Adrienne Rich (1929-2012)
The American Political
and Social Context
The period of the
middle 1960s and 1970s was a time of dramatic change in American society.
“Political protests helped make available to literature a broad range of
insistent voices…[and produced] a much broader awareness of imaginative
expression by a wide range of literary talent…. In both fiction and poetry
writers found present-day life could be described with a new frankness and
expanded awareness appropriate to women’s wider and more egalitarian role in
society” (Klinkowitz & Wallace, 2007, p. 2090). In the mid 1960s and 1970s
the Black Arts movement, related to the Black Power movement, saw the emergence
of writers such as LeRoi Jones (Amiri Baraka), Sonia Sanchez, Ntzoake Shange,
and Nikki Giovanni who wrote political, often angry, poems. Toni Morrison
became a senior editor at Random House and in that role helped to get important
work by AfricanAmerican writers such as Toni Cade Bambara and Gayl Jones
published. Morrison herself would soon begin to write powerful novels
dispelling myths about American history as they depict the lives of
African-Americans.
The New Left agitated
for loosening of drug laws, an end to the Vietnam War, gay rights, and abortion
rights. University students and teachers held “teach-ins” exploring various
aspects of American politics. The National Organization for Women (NOW) was
founded in 1966. The Civil Rights movement continued to press for equal rights.
These political, cultural, and social currents would impact Rich and change her
poetry and her life.

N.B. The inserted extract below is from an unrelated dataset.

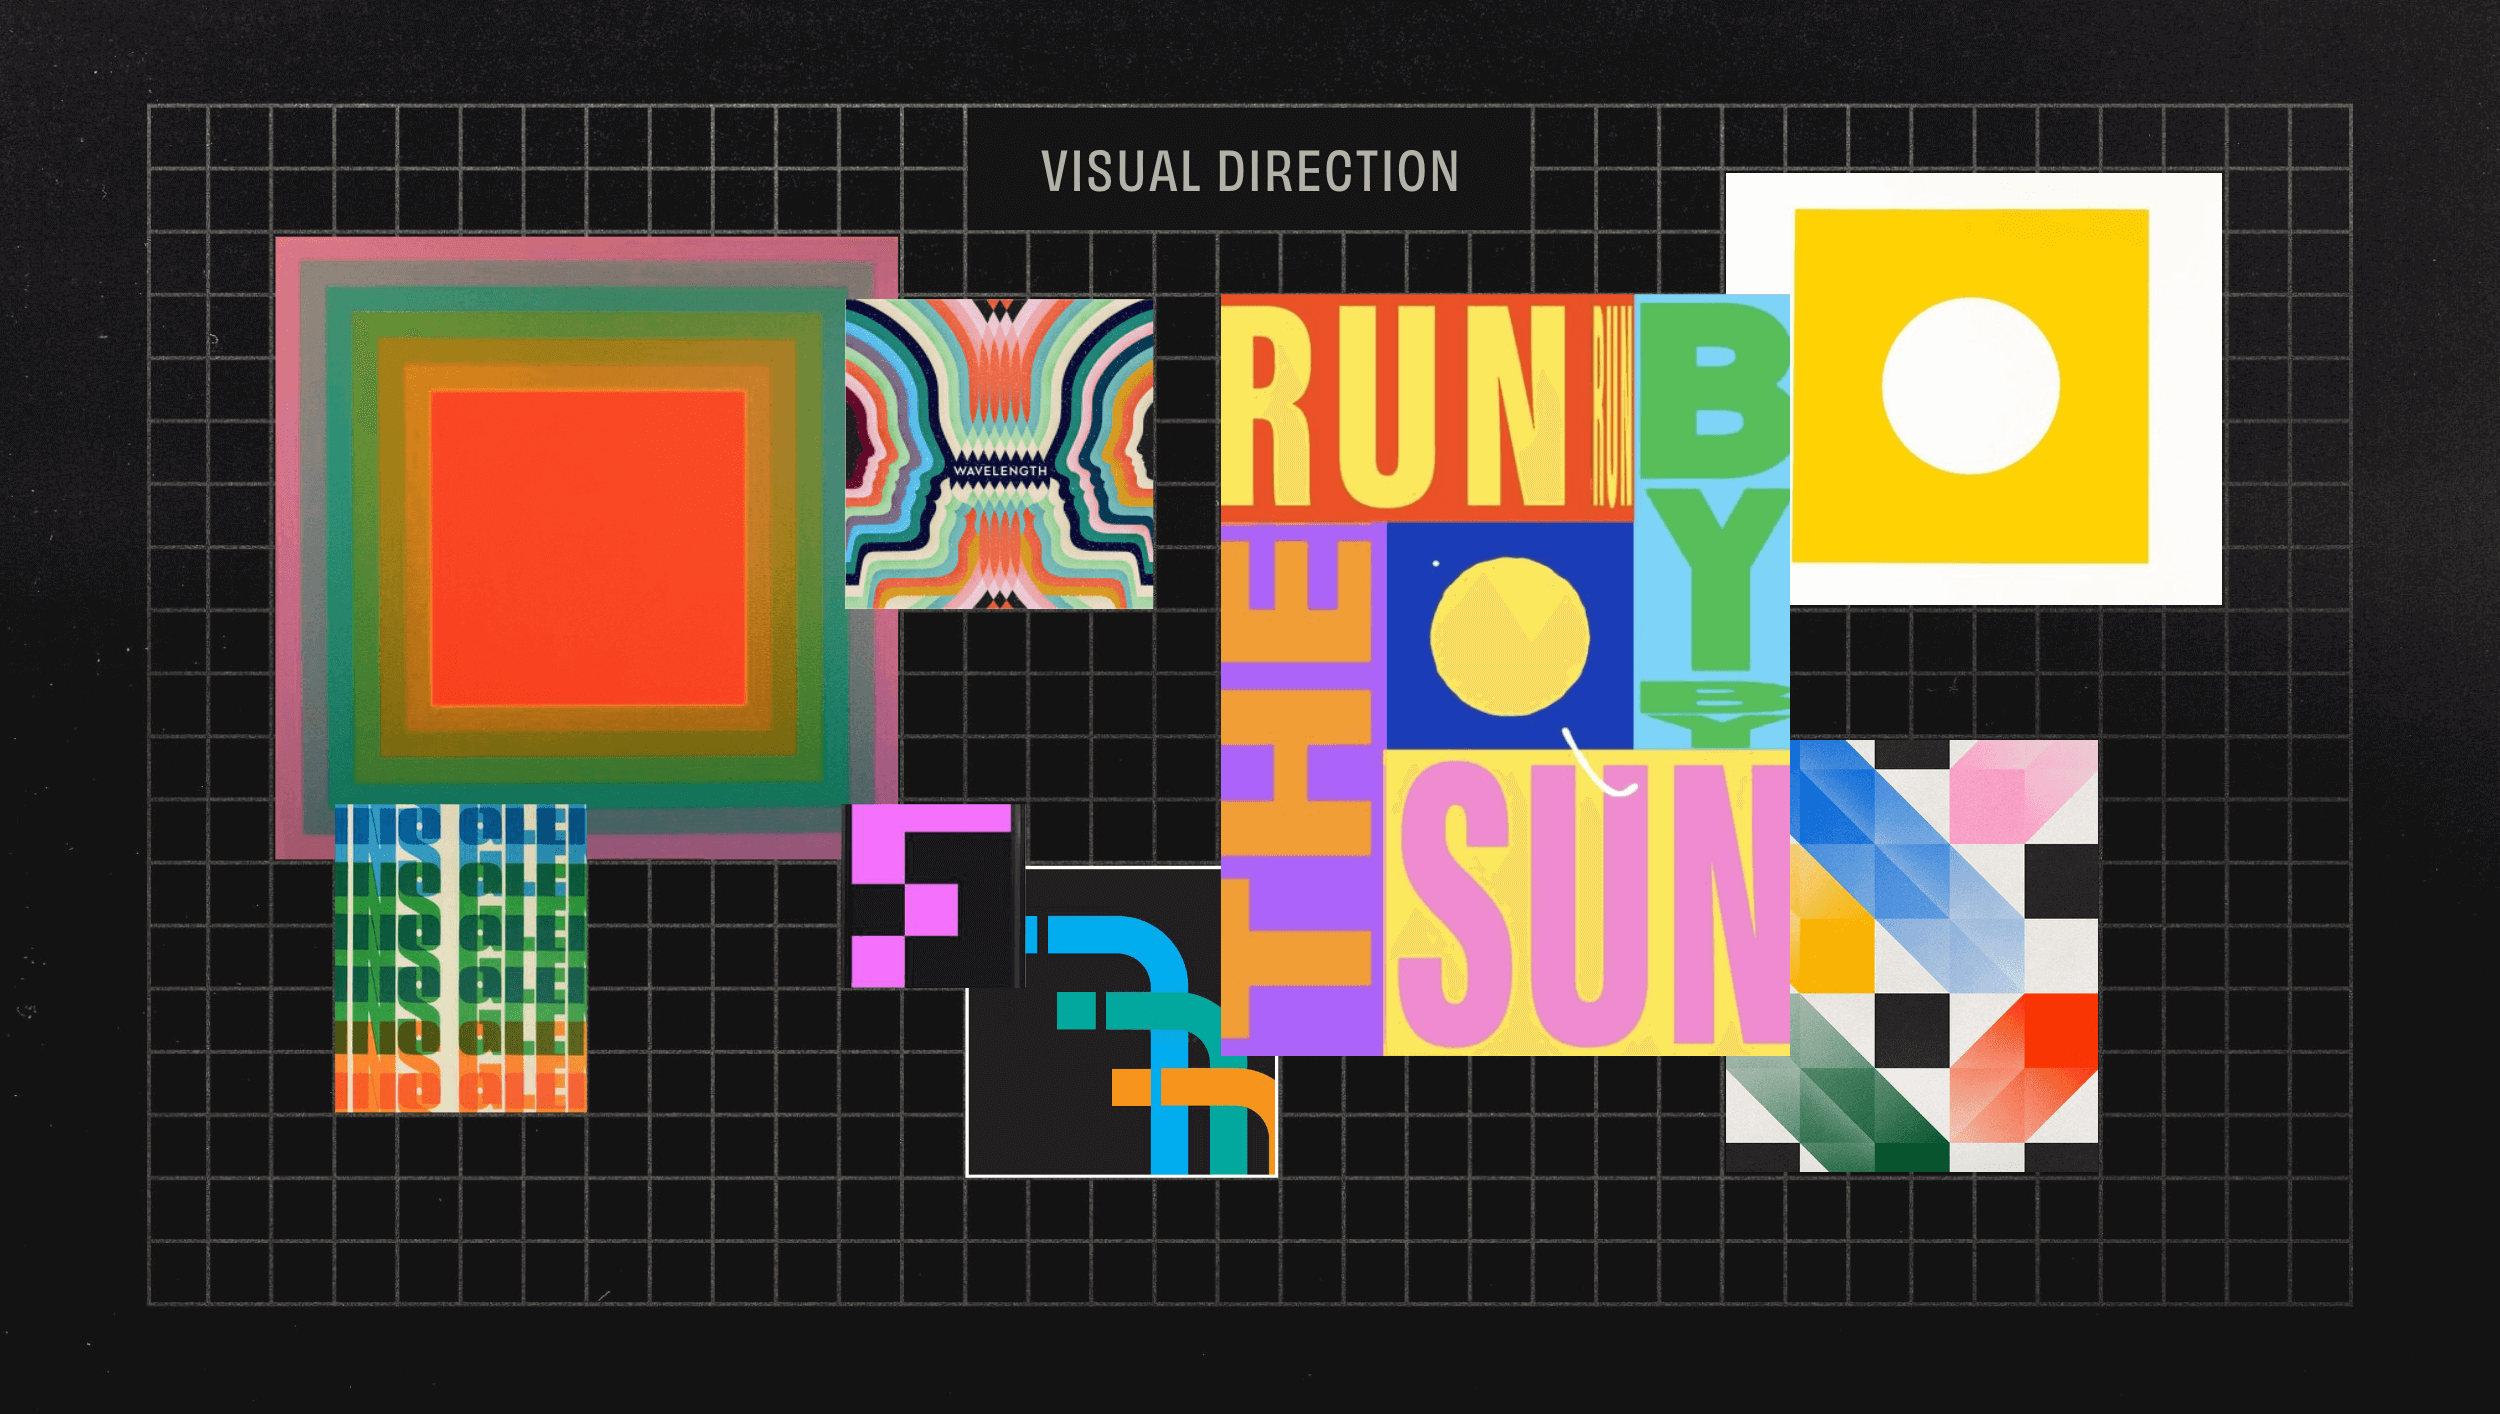 SIXEM visual direction featuring inspiration imagery pulled that sits on a grid background

She participated in anti-war protests and held classes in
her home when student protests shut down Columbia University where she was
teaching.
John Ashbery writes
“Adrienne Rich is a traditional poet, but not a conventional one. She has made
progress since those schoolgirlish days…. She emerges as a kind of Emily
Dickinson of the suburbs…. Hard and sinewy new poetry” (in Cooper, pp.
217–218). Reviewing Ashbery’s words Werner comments that both Dickinson and
Rich are “more subversive than suburban” (Werner, p. 8). Many critics find this
book better than Rich’s previous work. Helen Vendler, for one, praises this
book for its greater subtlety (1973, Parnassus, reprinted in Gelpi &
Gelpi). Ironically, Rich’s subtlety is gained at the price of denial, for in
order to achieve it she must subdue anger and other powerful, troubling feelings.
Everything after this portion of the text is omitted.